In the case of electronic or computer transmission, it is a federal offense to knowingly receive child pornography, including the use of computers. However up until 1996, pseudo photographs (pictures created by computers and don’t use real children) are exempt from child pornography laws. These pseudo photographs are still subject to the Miller test and proving that children were not used is the responsibility of the creator of the image. The Child Pornography Prevention Act of 1996 recognizes a broader range of harms including its use in the seduction of children. It also adds pseudo photographs of child pornography to the definition of child pornography by eliminating the “use of a minor” statement in the relevant law.

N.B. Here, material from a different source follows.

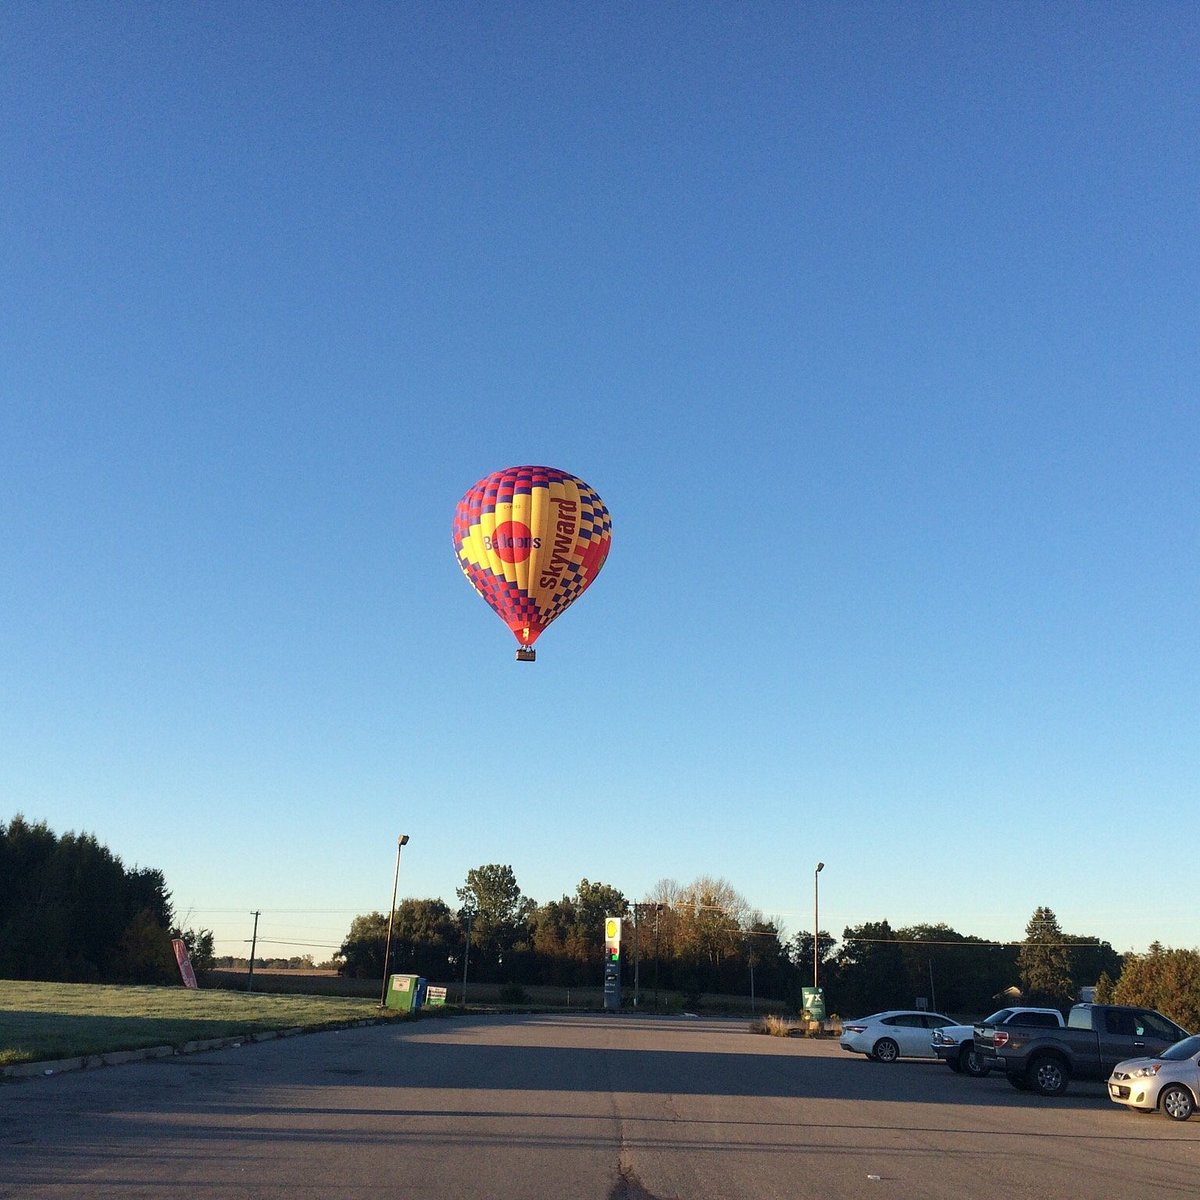 Skyward Balloons (Cambridge) All You Need to Know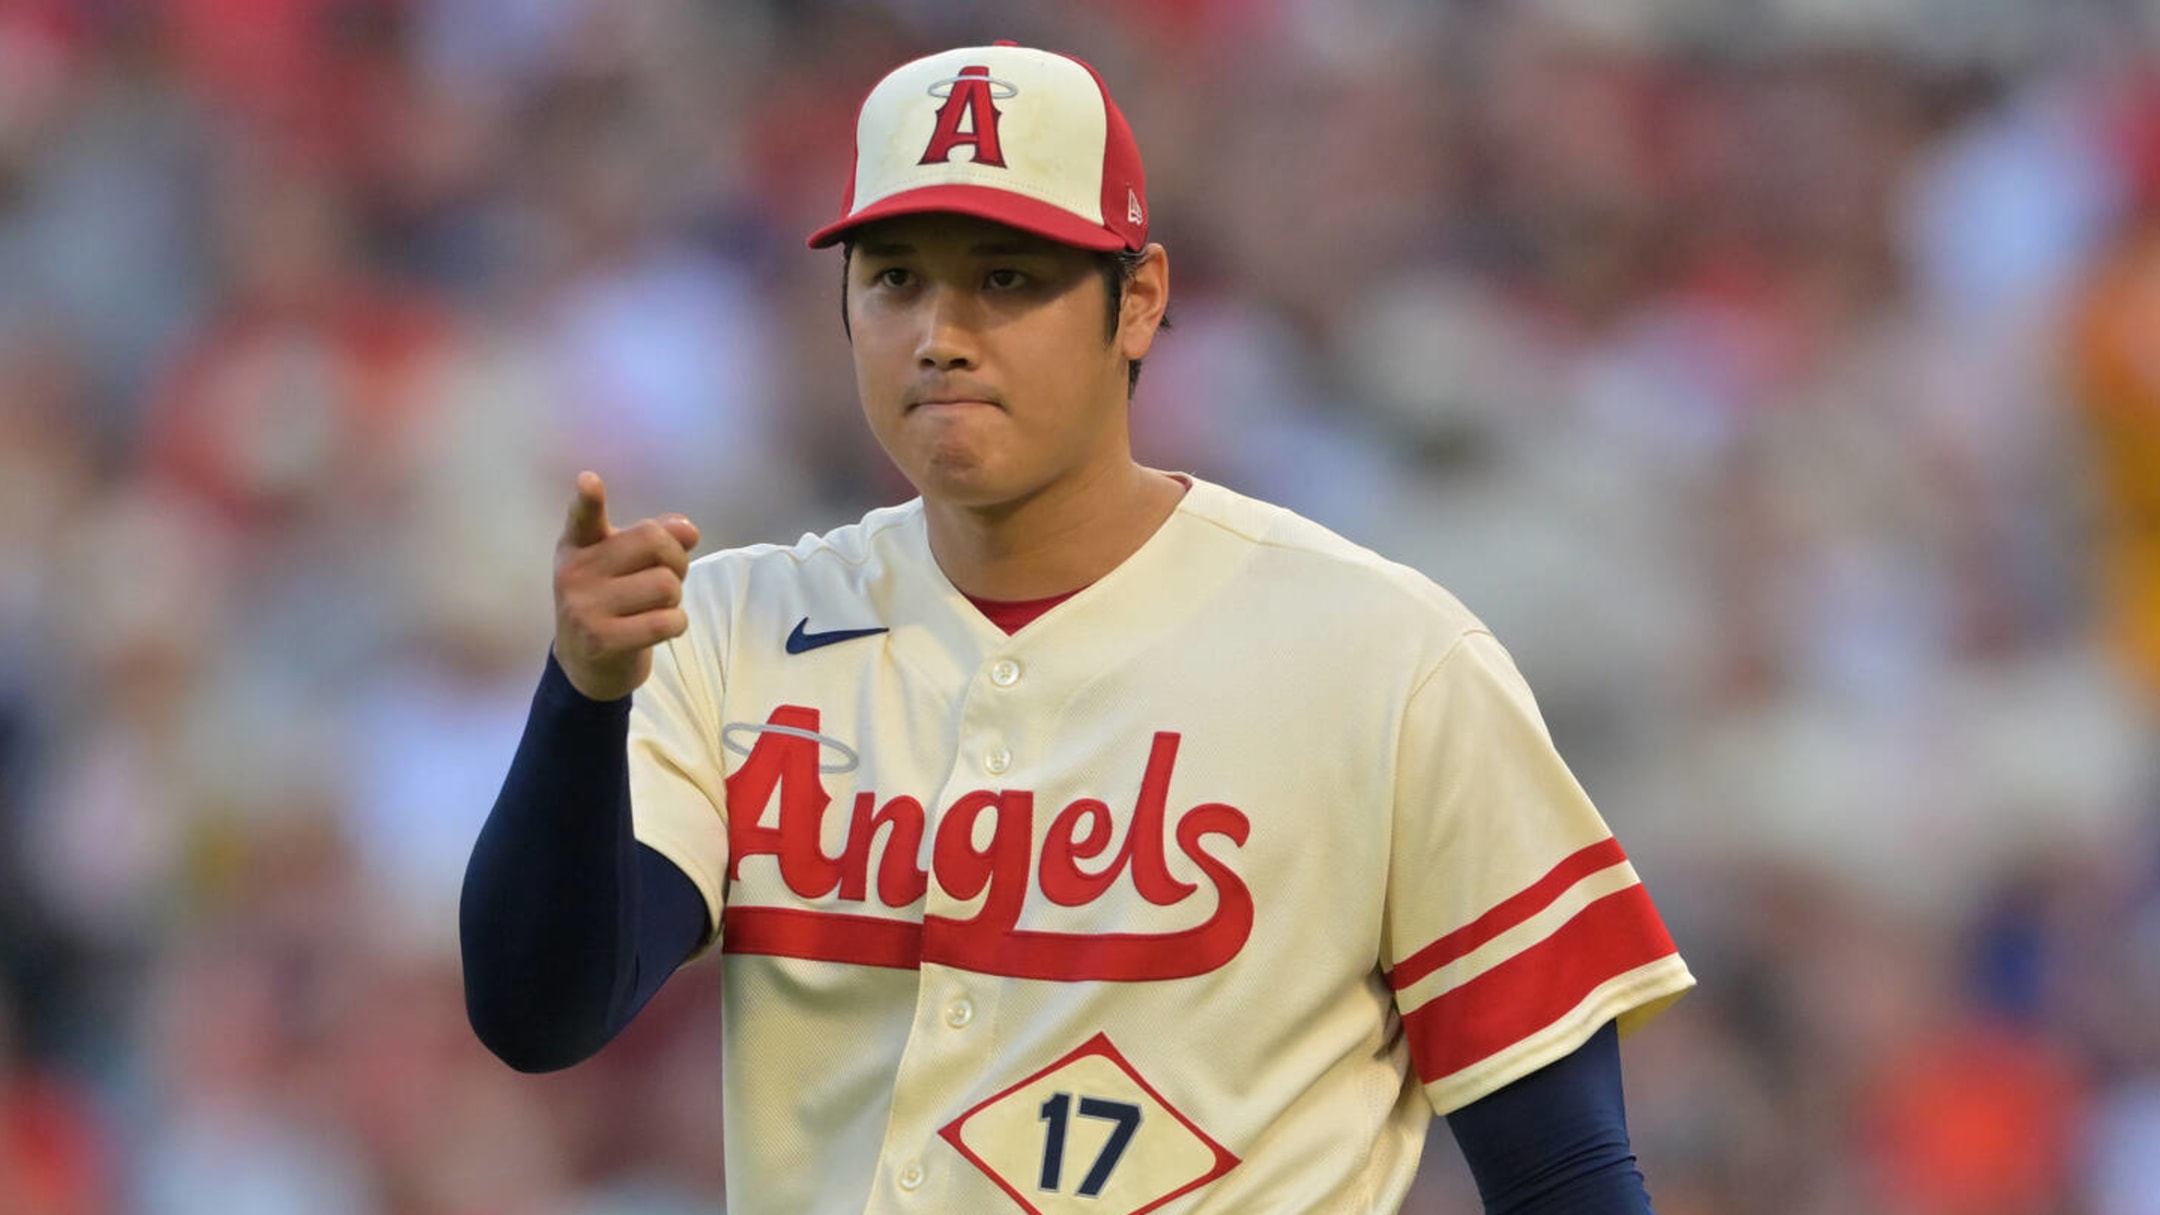 Los Angeles Angels pitcher, Shohei Ohtani wears a Ducks jersey

The Child Protection Prevention Act was passed with the Omnibus Act of 1996.
In summary, U.S. laws on obscenity and child pornography have remained applicable to the new medium of the Internet. With amendments to the child pornography laws, the range of material and methods of distribution covered have been increased. The more difficult area has not been with the obscene or child pornography (neither of which are subject to First Amendment protection), but rather the prevention of minors viewing the more vague and protected indecent material. Minors have no right to view indecent material, but for adults it is part of protected speech. The CDA failed to balance these competing interests and was therefore ruled unconstitutional. However it is unlikely that the U.S. government will not attempt to pass more focused legislation restricting minors Internet access. Once this happens, more challenges and precedents will be set, particularly in regards to the status of ISP’s as common carriers and the application of the zoning rationale to the Internet. In the meantime, the most offensive of the material remains illegal in the United States, and problems with this material on the Internet remain a matter of enforcement rather than a matter of legality.